AIM OF THE TASK
Once you reach the line with "[弥美津ヒロ] Hなマン○の作り方 + ラフイラスト集, 「複製原画」" below, copy each line exactly, stopping after the line with "This arrangement is", and skip any pictures.

INPUT FOR THIS TASK
▬▬▬▬▬▬

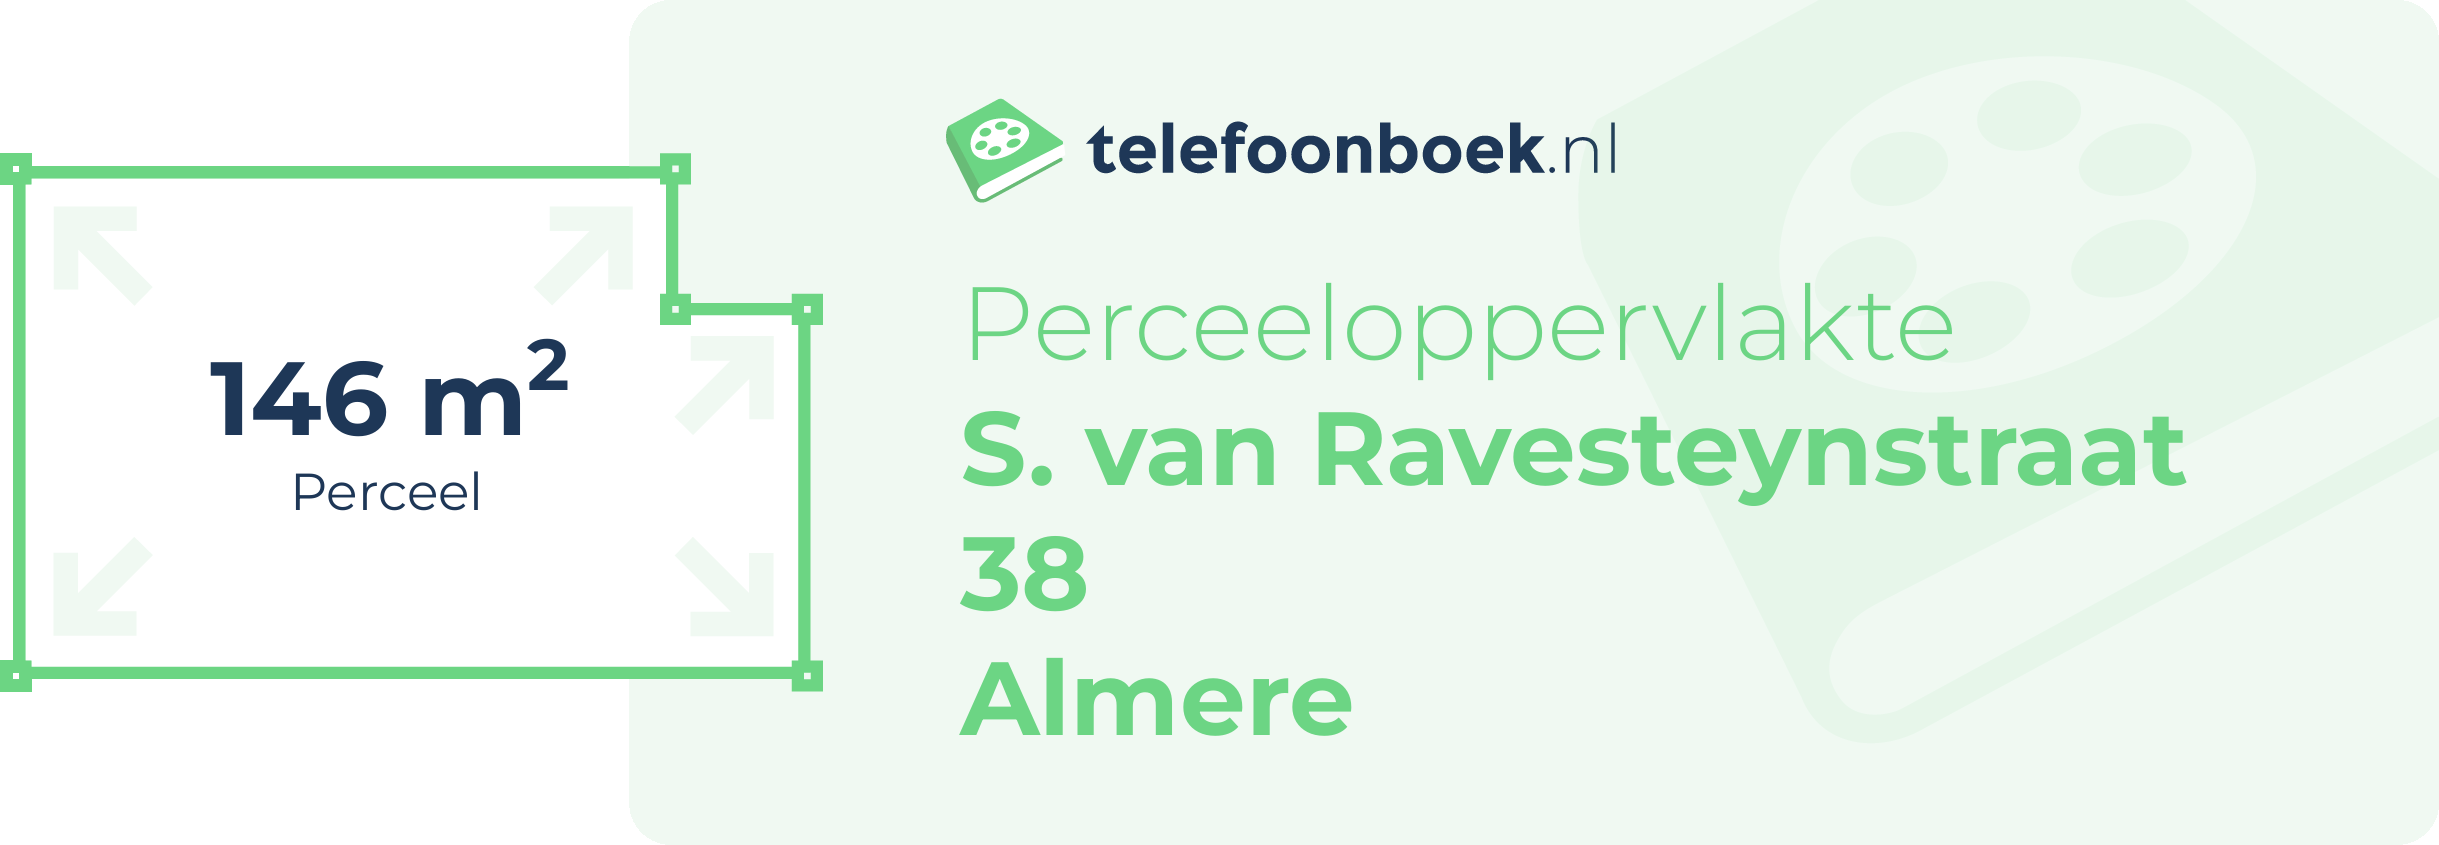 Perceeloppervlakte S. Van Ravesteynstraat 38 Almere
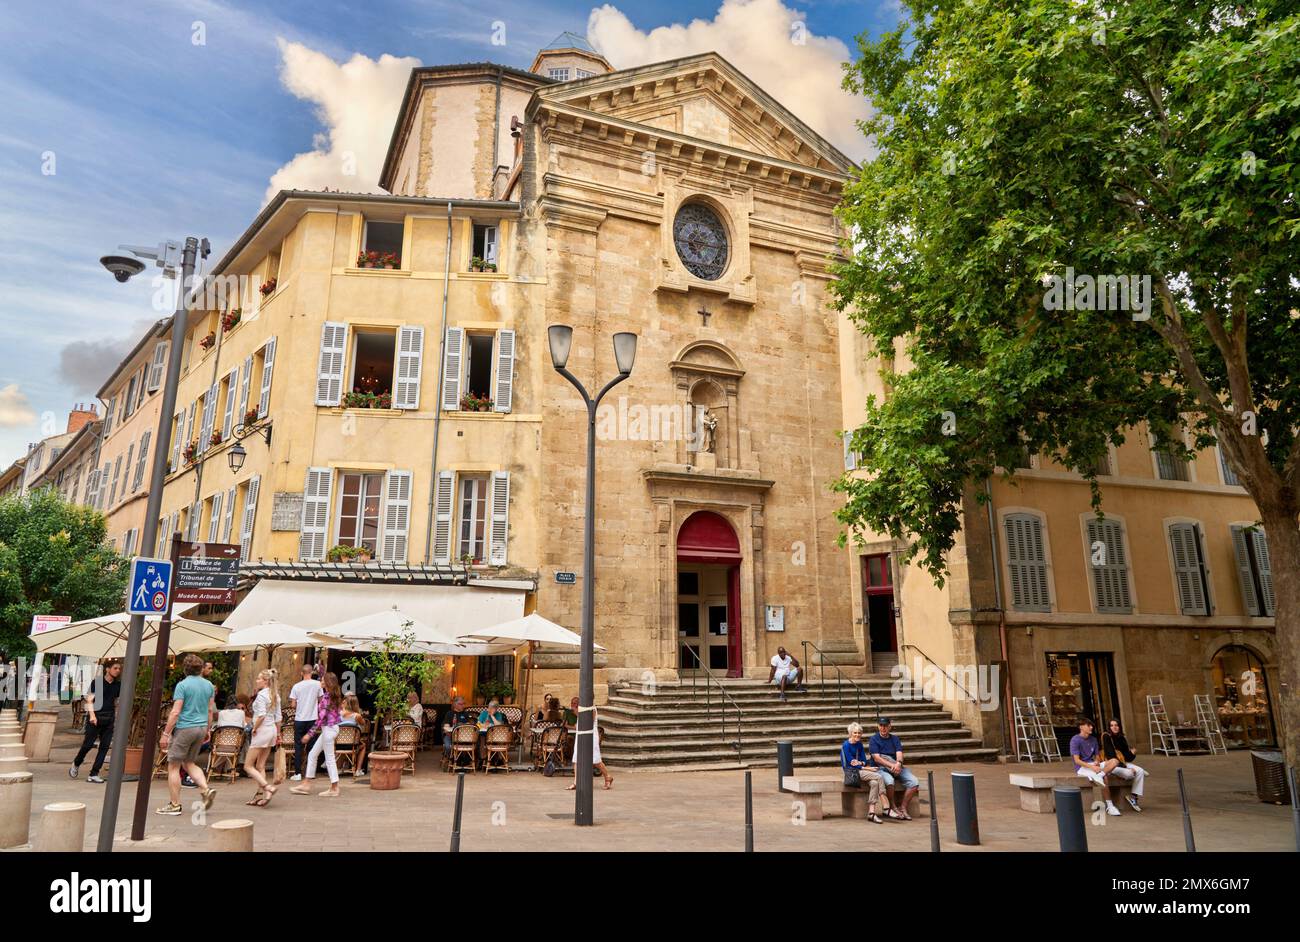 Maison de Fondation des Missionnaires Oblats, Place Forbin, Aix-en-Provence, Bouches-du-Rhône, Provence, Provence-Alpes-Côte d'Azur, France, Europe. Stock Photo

▬▬▬▬▬▬

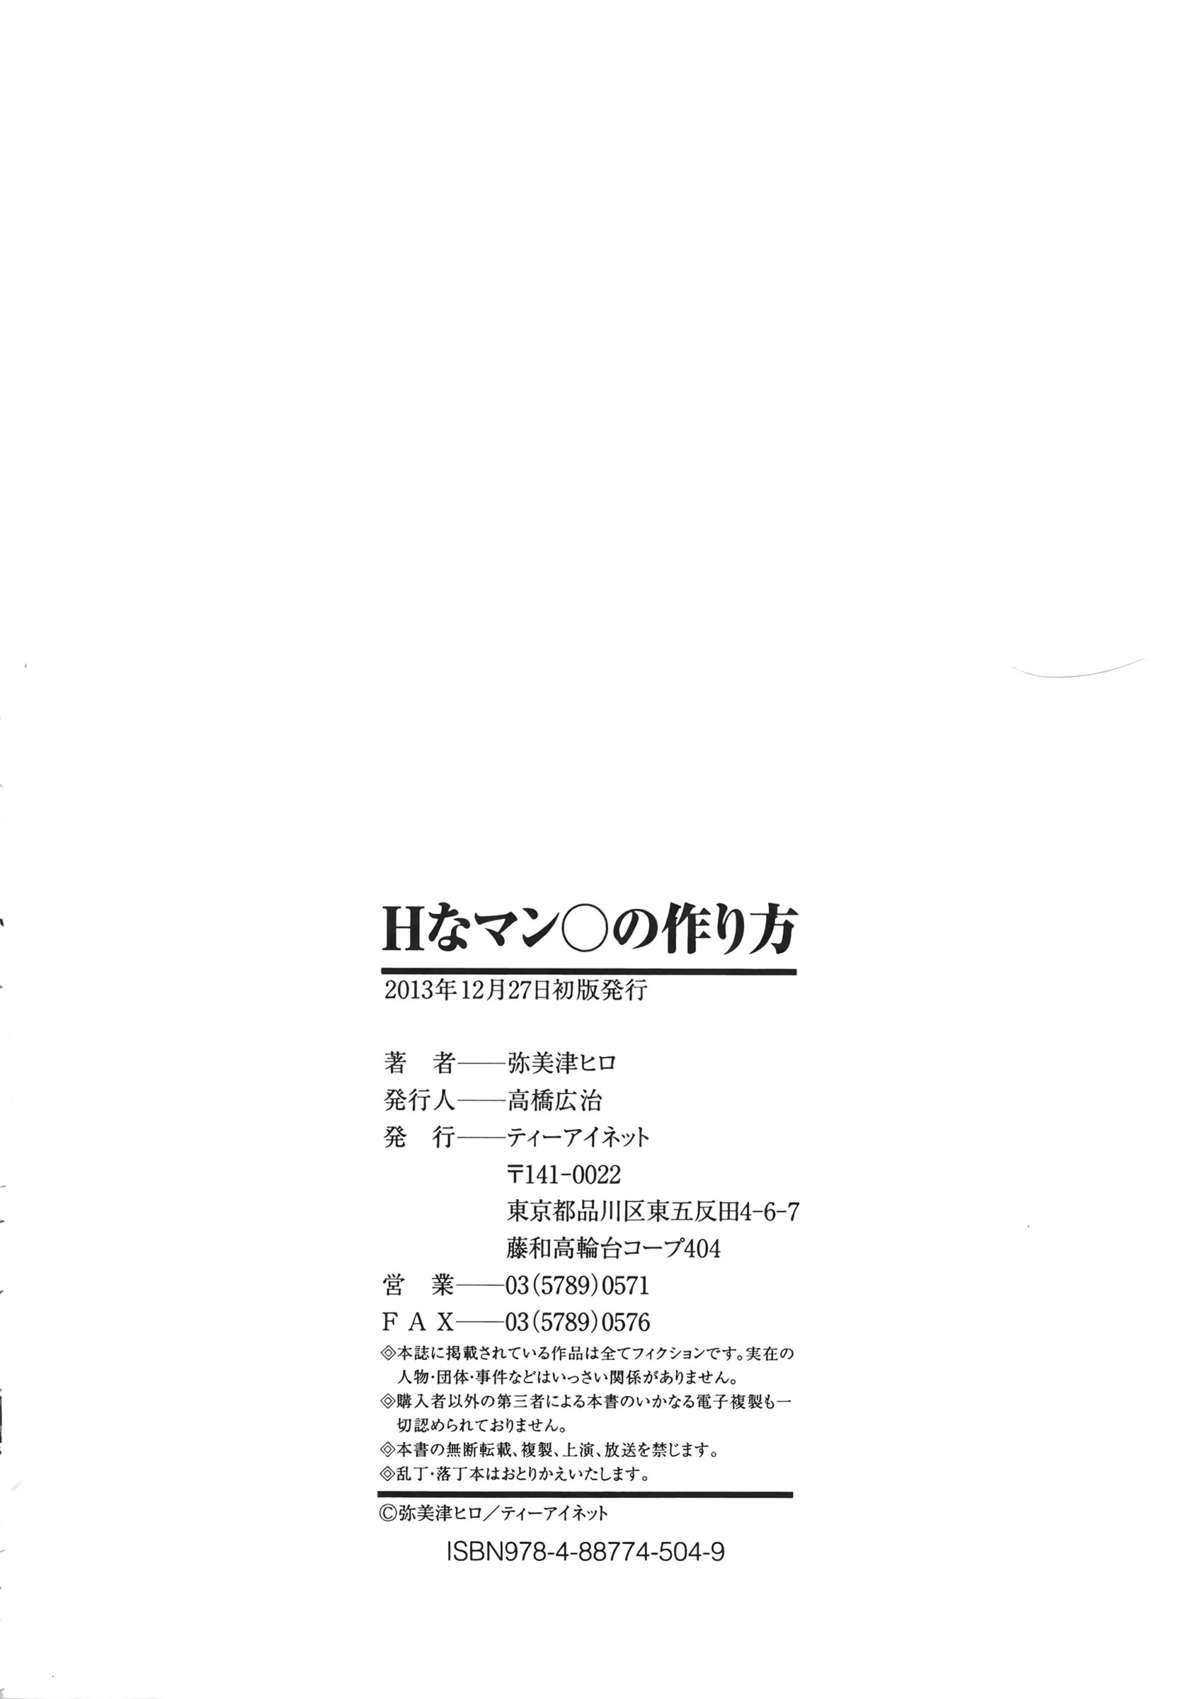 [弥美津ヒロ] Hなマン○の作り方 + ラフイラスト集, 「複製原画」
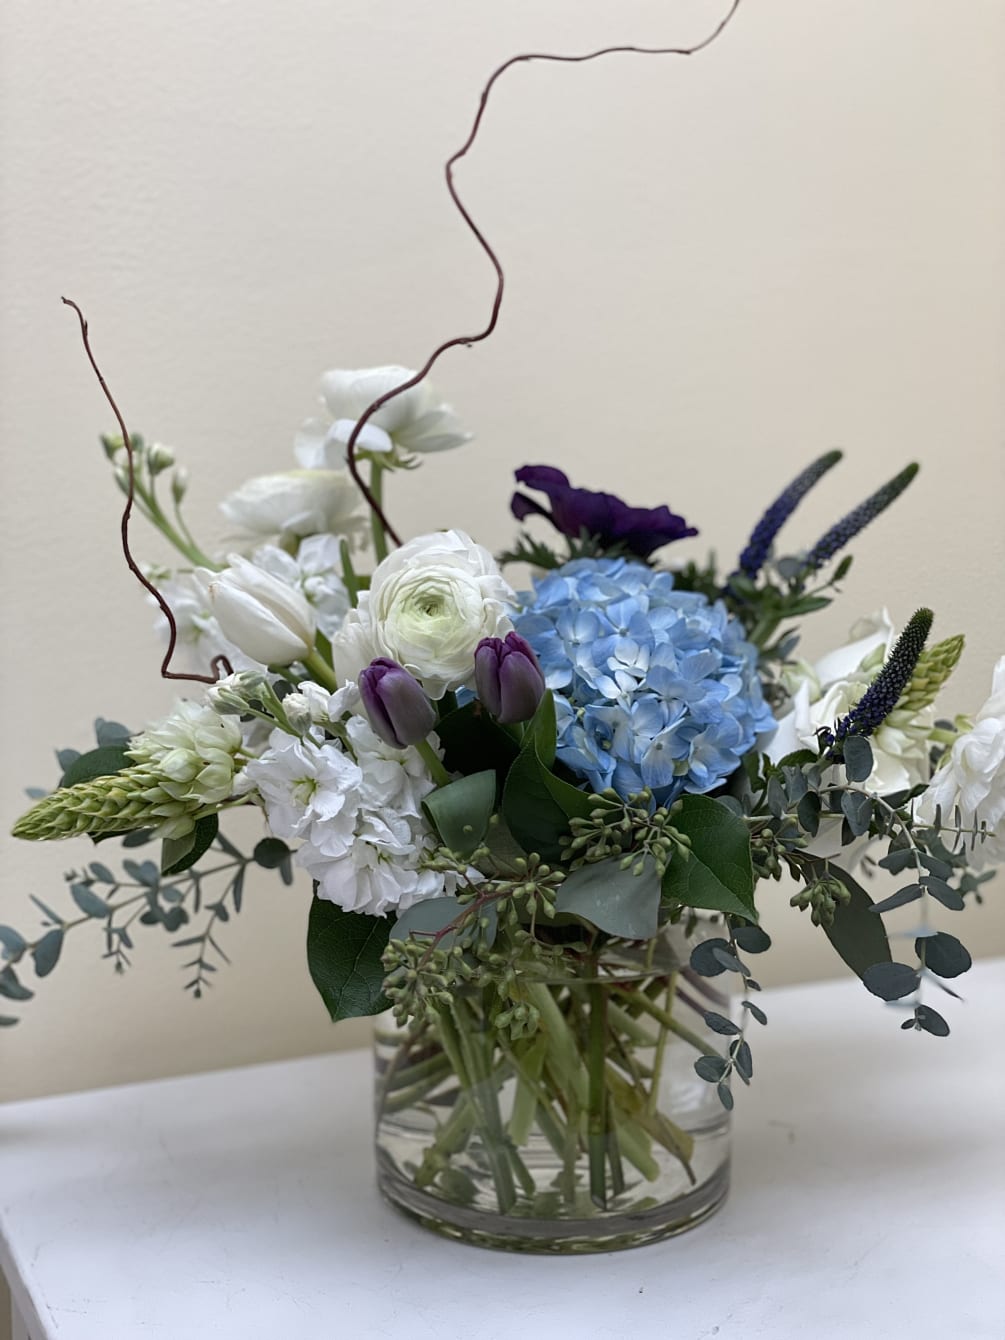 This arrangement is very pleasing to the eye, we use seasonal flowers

▬▬▬▬▬▬

WRITTEN SOLUTION
 [弥美津ヒロ] Hなマン○の作り方 + ラフイラスト集, 「複製原画」
 This arrangement is very pleasing to the eye, we use seasonal flowers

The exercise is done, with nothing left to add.